━━━━━ Data records

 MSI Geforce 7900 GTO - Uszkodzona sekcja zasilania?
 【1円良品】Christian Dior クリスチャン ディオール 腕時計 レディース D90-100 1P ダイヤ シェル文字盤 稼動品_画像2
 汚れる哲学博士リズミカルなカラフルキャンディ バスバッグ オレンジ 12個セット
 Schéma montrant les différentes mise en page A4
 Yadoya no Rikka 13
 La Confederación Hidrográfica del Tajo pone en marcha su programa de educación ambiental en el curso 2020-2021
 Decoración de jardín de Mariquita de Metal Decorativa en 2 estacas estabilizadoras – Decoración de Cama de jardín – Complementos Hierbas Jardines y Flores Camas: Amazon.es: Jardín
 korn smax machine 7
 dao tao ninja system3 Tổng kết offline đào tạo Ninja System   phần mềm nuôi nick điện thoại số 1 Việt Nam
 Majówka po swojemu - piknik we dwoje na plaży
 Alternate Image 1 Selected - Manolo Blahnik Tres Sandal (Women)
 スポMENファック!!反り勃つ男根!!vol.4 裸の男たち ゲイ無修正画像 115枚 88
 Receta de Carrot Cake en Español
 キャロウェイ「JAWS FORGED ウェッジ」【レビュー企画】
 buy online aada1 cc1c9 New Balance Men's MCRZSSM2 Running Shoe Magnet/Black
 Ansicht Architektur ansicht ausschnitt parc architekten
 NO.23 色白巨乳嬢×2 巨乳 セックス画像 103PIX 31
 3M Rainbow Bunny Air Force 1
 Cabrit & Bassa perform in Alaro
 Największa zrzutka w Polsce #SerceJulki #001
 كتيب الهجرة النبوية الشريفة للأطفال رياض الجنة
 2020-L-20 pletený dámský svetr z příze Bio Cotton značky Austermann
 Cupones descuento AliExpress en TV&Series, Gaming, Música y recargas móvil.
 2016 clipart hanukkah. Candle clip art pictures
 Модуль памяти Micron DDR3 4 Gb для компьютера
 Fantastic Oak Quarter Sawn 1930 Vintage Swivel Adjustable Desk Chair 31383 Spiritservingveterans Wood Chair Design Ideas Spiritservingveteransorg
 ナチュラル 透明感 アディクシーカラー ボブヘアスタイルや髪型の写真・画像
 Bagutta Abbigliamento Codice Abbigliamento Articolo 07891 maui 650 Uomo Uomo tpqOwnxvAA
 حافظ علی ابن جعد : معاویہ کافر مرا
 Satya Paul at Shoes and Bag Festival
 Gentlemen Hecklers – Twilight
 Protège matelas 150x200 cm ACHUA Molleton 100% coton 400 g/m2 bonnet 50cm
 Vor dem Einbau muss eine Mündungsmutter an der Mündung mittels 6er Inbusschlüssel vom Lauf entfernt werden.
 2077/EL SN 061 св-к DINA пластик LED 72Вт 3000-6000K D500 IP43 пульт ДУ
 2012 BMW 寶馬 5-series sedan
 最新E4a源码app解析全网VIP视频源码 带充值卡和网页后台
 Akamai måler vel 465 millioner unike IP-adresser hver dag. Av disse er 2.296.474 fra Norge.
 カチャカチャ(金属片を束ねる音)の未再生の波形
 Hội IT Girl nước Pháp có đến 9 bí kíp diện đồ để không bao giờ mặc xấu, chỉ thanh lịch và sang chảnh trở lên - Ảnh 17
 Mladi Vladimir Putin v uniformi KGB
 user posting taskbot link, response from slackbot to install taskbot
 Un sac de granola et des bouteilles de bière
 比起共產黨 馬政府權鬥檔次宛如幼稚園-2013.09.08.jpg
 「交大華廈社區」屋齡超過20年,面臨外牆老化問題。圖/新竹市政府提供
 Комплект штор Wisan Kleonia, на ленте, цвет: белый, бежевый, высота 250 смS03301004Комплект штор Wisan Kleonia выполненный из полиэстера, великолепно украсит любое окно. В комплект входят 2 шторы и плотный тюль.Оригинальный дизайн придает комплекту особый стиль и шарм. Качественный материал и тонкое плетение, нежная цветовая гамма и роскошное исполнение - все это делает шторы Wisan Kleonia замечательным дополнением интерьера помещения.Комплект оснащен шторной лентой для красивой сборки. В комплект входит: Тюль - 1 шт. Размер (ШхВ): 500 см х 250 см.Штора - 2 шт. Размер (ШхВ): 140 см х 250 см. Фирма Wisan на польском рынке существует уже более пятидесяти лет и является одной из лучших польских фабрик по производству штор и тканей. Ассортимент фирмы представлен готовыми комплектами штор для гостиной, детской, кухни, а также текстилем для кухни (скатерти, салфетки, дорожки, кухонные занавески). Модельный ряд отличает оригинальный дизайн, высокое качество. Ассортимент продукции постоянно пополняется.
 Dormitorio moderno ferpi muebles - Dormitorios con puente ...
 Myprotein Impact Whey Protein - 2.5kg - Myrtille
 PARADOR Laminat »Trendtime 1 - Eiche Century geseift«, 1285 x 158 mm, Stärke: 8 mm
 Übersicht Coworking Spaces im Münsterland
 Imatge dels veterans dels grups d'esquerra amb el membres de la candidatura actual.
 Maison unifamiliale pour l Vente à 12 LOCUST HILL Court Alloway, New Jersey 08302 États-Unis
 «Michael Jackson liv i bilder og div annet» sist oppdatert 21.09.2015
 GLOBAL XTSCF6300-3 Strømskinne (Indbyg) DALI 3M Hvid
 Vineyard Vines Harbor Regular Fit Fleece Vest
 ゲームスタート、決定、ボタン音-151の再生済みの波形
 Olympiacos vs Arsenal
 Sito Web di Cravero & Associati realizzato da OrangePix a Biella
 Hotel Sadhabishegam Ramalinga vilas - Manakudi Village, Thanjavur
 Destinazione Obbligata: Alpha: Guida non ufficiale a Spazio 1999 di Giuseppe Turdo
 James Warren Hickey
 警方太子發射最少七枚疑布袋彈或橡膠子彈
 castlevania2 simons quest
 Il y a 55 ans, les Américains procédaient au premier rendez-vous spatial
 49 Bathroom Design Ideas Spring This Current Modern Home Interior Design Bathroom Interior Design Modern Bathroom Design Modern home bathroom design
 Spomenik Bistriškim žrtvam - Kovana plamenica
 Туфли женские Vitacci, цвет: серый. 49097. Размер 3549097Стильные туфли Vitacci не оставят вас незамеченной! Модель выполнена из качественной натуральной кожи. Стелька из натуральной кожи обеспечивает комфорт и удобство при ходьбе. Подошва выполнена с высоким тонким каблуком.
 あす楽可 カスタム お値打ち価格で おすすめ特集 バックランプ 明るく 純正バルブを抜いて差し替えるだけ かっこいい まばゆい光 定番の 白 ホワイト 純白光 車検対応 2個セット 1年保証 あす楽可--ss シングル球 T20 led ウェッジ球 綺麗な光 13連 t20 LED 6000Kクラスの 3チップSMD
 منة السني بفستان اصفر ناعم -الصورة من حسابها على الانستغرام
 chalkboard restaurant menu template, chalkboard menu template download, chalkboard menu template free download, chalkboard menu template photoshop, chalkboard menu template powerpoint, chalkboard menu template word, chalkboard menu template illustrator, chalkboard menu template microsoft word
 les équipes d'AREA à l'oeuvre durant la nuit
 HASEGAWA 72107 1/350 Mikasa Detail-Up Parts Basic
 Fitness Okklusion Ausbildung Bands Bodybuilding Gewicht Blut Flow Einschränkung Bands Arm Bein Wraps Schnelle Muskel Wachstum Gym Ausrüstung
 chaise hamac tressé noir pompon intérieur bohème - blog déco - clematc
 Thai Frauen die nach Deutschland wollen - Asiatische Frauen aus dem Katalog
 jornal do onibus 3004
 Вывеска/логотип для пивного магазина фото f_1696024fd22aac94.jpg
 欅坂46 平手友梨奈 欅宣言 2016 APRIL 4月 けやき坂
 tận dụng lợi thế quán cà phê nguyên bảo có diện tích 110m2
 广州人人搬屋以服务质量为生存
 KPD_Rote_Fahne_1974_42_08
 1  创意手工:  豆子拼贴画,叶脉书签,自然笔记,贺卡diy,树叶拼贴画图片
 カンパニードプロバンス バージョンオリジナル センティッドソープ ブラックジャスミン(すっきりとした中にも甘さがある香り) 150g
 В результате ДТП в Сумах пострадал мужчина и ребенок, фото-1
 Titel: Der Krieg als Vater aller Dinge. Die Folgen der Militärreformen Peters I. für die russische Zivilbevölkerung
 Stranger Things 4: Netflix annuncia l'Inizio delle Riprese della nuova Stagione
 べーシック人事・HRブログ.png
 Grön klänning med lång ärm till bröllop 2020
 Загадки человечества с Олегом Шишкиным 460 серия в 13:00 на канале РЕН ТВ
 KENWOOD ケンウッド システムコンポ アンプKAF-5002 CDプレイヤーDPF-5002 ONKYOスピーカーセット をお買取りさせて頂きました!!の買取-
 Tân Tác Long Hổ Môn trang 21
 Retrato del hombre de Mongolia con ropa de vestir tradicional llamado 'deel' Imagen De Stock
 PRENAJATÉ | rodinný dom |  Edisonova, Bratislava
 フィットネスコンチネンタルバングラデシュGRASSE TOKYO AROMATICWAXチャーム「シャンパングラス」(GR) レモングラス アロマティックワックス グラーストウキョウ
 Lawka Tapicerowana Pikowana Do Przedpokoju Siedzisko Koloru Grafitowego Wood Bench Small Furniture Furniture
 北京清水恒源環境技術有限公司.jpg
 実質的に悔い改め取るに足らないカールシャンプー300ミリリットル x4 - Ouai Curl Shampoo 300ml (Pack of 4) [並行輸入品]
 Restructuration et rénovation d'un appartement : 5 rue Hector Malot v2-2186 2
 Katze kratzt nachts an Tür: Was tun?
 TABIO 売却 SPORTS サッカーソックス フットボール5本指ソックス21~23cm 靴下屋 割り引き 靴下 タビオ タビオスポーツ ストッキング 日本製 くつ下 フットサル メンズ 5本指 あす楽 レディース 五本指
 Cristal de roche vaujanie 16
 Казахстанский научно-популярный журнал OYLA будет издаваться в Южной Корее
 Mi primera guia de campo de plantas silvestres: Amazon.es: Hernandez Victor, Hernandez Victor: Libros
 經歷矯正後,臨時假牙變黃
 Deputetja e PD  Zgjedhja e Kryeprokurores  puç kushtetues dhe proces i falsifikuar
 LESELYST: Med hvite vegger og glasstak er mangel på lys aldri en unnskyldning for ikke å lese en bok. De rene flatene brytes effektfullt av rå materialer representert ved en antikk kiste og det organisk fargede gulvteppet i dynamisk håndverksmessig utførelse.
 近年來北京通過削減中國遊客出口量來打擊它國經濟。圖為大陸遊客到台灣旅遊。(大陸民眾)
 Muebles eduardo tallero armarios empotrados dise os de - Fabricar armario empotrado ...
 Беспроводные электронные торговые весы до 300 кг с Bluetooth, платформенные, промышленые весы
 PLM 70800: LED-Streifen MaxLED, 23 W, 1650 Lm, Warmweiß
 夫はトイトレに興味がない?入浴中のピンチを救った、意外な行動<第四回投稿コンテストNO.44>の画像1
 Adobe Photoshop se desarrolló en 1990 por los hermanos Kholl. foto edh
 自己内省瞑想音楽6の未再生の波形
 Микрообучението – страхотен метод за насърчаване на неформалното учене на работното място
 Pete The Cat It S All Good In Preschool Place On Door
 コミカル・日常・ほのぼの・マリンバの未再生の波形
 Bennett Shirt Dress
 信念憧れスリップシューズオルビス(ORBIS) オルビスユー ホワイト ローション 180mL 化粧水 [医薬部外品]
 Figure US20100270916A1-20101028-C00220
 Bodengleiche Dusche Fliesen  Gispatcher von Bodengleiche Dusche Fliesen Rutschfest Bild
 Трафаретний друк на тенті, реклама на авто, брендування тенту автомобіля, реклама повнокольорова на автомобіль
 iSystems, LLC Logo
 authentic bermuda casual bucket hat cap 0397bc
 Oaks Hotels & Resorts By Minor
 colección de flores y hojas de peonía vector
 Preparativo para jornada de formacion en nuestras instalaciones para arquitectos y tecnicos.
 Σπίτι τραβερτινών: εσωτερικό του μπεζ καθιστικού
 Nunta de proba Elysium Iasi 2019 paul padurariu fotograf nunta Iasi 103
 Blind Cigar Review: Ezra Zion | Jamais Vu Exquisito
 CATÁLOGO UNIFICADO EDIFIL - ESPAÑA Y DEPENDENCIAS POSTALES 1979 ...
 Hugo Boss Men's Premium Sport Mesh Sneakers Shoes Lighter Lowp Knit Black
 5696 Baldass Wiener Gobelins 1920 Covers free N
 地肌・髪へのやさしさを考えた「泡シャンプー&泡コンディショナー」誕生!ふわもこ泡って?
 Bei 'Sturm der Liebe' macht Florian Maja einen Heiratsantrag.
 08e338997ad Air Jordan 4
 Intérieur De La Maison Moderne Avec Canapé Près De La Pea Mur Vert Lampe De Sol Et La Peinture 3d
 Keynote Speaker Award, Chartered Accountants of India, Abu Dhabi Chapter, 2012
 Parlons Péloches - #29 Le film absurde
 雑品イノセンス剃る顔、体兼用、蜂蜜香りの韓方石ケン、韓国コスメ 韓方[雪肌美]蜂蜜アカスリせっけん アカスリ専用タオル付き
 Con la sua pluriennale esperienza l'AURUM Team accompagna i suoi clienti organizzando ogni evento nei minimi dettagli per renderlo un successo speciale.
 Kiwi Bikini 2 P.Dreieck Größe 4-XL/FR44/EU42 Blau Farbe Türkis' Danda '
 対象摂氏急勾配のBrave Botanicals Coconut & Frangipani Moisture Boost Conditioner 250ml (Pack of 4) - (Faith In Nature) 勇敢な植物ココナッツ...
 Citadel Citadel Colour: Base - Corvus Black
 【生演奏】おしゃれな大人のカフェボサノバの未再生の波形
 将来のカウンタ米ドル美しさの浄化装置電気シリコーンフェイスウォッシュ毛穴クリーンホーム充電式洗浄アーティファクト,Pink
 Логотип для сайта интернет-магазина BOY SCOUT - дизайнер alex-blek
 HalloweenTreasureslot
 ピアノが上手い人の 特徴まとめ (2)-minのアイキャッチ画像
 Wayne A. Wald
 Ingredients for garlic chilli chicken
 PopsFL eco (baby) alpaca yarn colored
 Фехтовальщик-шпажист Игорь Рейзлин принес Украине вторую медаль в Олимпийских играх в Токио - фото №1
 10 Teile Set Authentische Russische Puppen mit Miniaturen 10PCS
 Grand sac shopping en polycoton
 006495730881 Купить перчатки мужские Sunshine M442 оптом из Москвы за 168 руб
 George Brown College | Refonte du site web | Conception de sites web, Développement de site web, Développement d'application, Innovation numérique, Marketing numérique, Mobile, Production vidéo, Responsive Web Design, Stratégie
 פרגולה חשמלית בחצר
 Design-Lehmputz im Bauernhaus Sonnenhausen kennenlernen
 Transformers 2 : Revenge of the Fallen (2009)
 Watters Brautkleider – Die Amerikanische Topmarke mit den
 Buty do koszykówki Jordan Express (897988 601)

━━━━━━━━━━

__Exercise goal__
Using the entries above, give back exactly the line containing "信念憧れスリップシューズオルビス(ORBIS) オルビスユー ホワイト", the line containing "Kiwi Bikini 2", and every line between them, and nothing else.

__Your response__
 信念憧れスリップシューズオルビス(ORBIS) オルビスユー ホワイト ローション 180mL 化粧水 [医薬部外品]
 Figure US20100270916A1-20101028-C00220
 Bodengleiche Dusche Fliesen  Gispatcher von Bodengleiche Dusche Fliesen Rutschfest Bild
 Трафаретний друк на тенті, реклама на авто, брендування тенту автомобіля, реклама повнокольорова на автомобіль
 iSystems, LLC Logo
 authentic bermuda casual bucket hat cap 0397bc
 Oaks Hotels & Resorts By Minor
 colección de flores y hojas de peonía vector
 Preparativo para jornada de formacion en nuestras instalaciones para arquitectos y tecnicos.
 Σπίτι τραβερτινών: εσωτερικό του μπεζ καθιστικού
 Nunta de proba Elysium Iasi 2019 paul padurariu fotograf nunta Iasi 103
 Blind Cigar Review: Ezra Zion | Jamais Vu Exquisito
 CATÁLOGO UNIFICADO EDIFIL - ESPAÑA Y DEPENDENCIAS POSTALES 1979 ...
 Hugo Boss Men's Premium Sport Mesh Sneakers Shoes Lighter Lowp Knit Black
 5696 Baldass Wiener Gobelins 1920 Covers free N
 地肌・髪へのやさしさを考えた「泡シャンプー&泡コンディショナー」誕生!ふわもこ泡って?
 Bei 'Sturm der Liebe' macht Florian Maja einen Heiratsantrag.
 08e338997ad Air Jordan 4
 Intérieur De La Maison Moderne Avec Canapé Près De La Pea Mur Vert Lampe De Sol Et La Peinture 3d
 Keynote Speaker Award, Chartered Accountants of India, Abu Dhabi Chapter, 2012
 Parlons Péloches - #29 Le film absurde
 雑品イノセンス剃る顔、体兼用、蜂蜜香りの韓方石ケン、韓国コスメ 韓方[雪肌美]蜂蜜アカスリせっけん アカスリ専用タオル付き
 Con la sua pluriennale esperienza l'AURUM Team accompagna i suoi clienti organizzando ogni evento nei minimi dettagli per renderlo un successo speciale.
 Kiwi Bikini 2 P.Dreieck Größe 4-XL/FR44/EU42 Blau Farbe Türkis' Danda '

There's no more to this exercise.